Lyon, de tes enfants une moitié s’exile !
Que dis-je ! cet exil, ils ne l’atteindront pas ;
Le meurtre et la vengeance ont volé sur leurs pas.
Cachez, ah ! cachez-moi cette fuite sanglante !...
 
Mais aux murs de Lyon, le deuil et l’épouvante,
Avec ses oppresseurs, sont entrés à la fois,
Et règnent avec eux au nom sacré des lois ;
Du sceau réprobateur ils marquent leur conquête.
Déjà, pour satisfaire à leur rage secrète,
Les murs trop lentement tombent sous le marteau,
Trop lentement s’abat l’homicide couteau.
Pour des forfaits plus prompts, la mèche est allumée,
Le canon part, répond à la mine enflammée,
La mort et la ruine à la fois ont frappé !
Leur espoir cette fois n’a pas été trompé ;
Sous les débris fumants de la ville qui croule,
Le sang en longs ruisseaux de toutes parts s’écoule,
Et le génie altier de l’antique Albion
Debout sur le détroit, l’œil fixé sur Lyon,
Se repaissant des maux où la France est en proie,
Trois fois trouble les airs par un long cri de joie !
Il n’est pas temps encore ! En vain tu t’es flatté
Qu’un peuple malheureux, proscrit, persécuté,
Disperserait au loin son errante industrie ;
Il faut à ses travaux le ciel de la patrie.

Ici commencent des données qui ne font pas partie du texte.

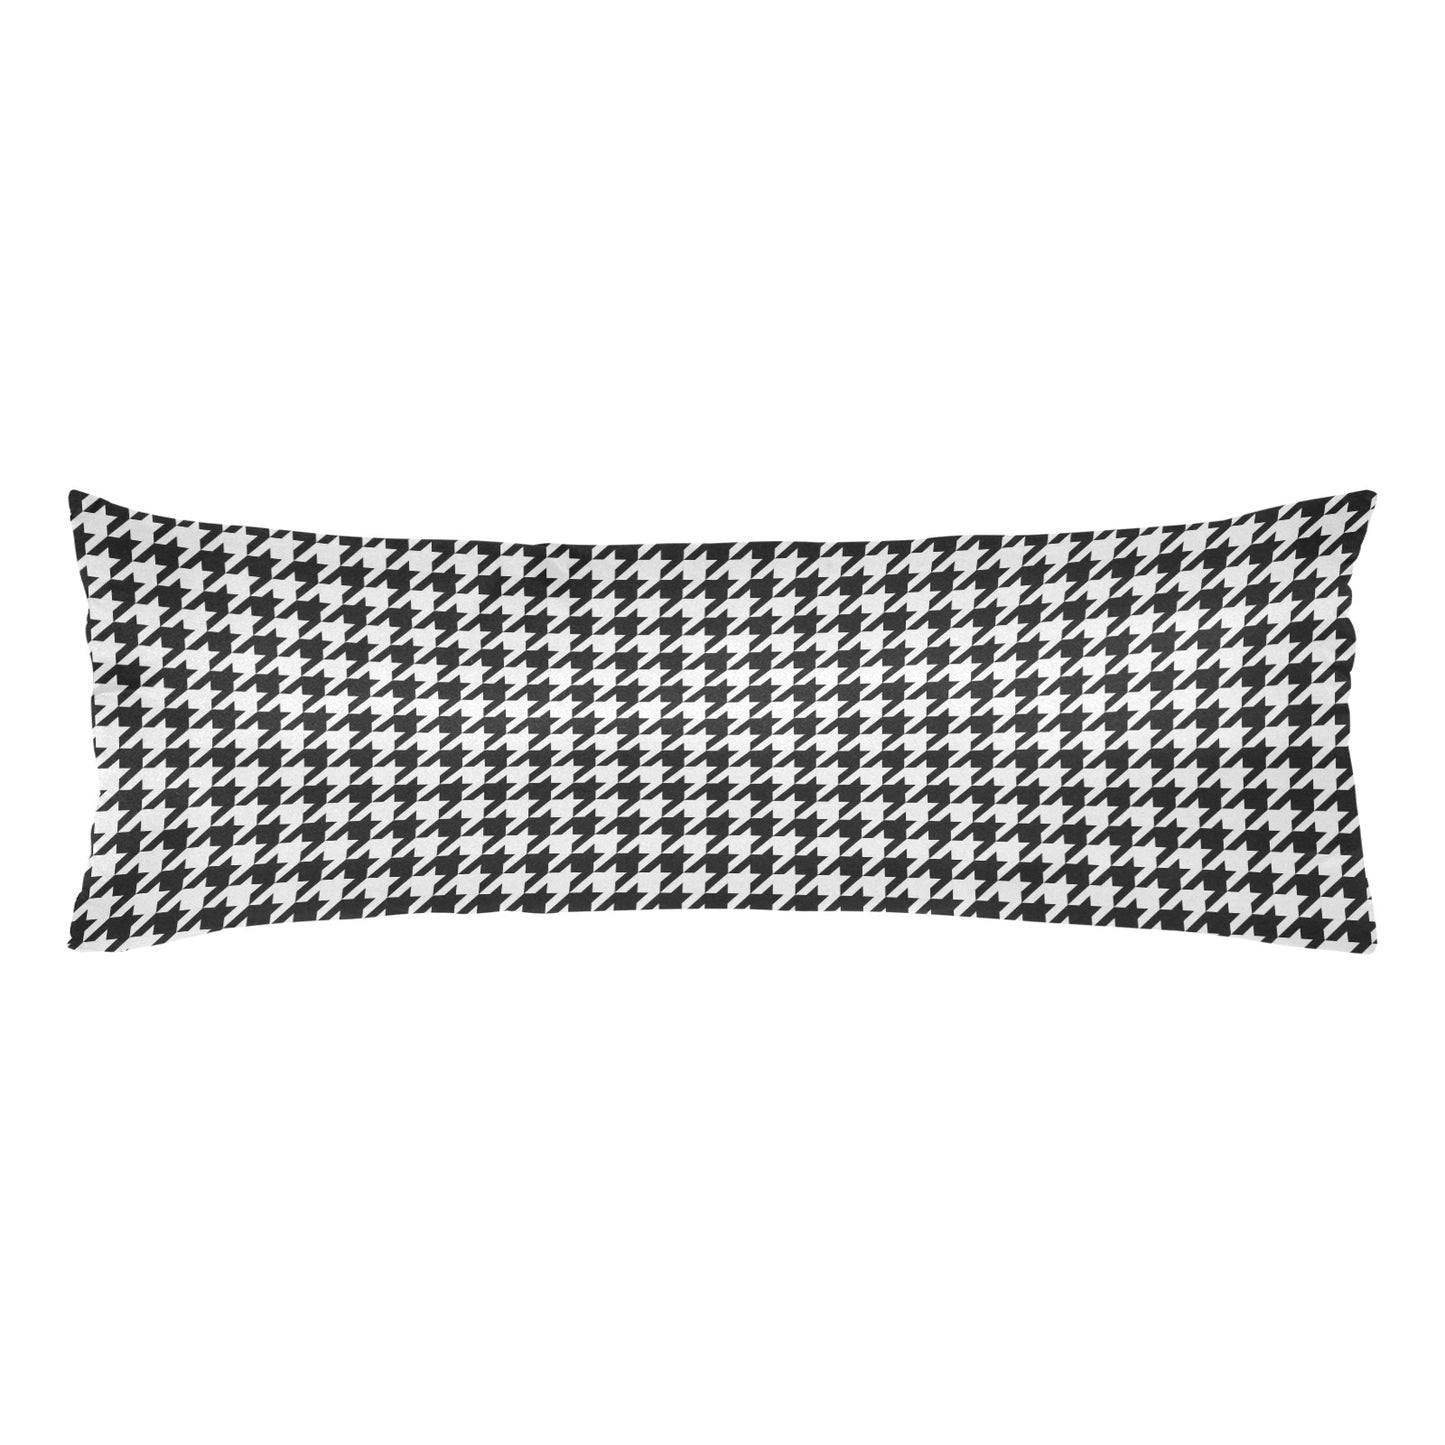 Black White Houndstooth Body Pillow Case, Pattern Long Large Bed Accent Pillowcase Print Throw Decor Decorative Cover

Fleuves, champs paternels, beaux vallons du Mont-d’Or,
Loin de vous, pour vous seuls, il garde ce trésor ;
Et le premier soleil, après de longs orages,
Reverra ses métiers enrichir vos rivages.

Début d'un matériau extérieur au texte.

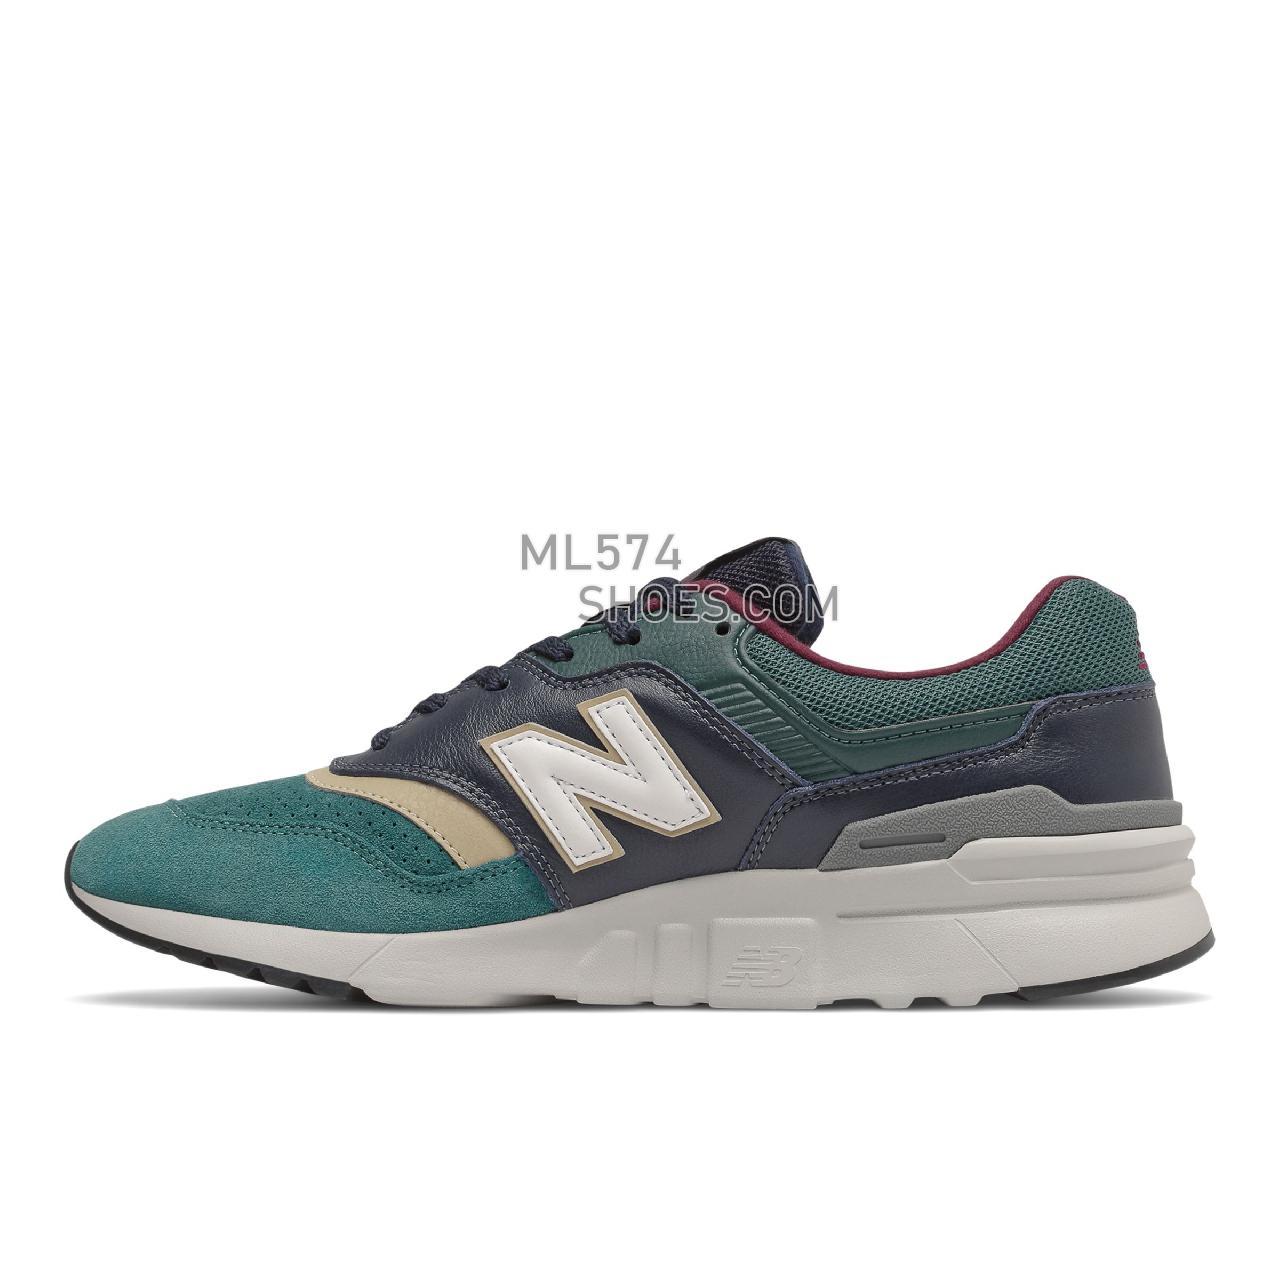 New Balance 997H - Men's Classic Sneakers - Navy with Teal - CM997HWC

Tel, au penchant des monts, si d’un essaim mouvant
Le toit mal assuré cède à l’effort du vent,
Arrachée à l’abri de la ruche native,
Vous voyez l’habitante effarouchée, oisive,
D’une aile vagabonde errer dans la forêt,
Et de ses doux travaux oublier le secret ;
Mais qu’un bras vigilant relève son asile,
Soudain le peuple ailé reprend sa loi tranquille.
Portant de fleurs en fleurs un fructueux essor,
Dans la cire odorante il épanche à flots d’or
Un butin embaumé, pareil à l’ambroisie
Qu’inventa pour ses dieux l’antique Poésie.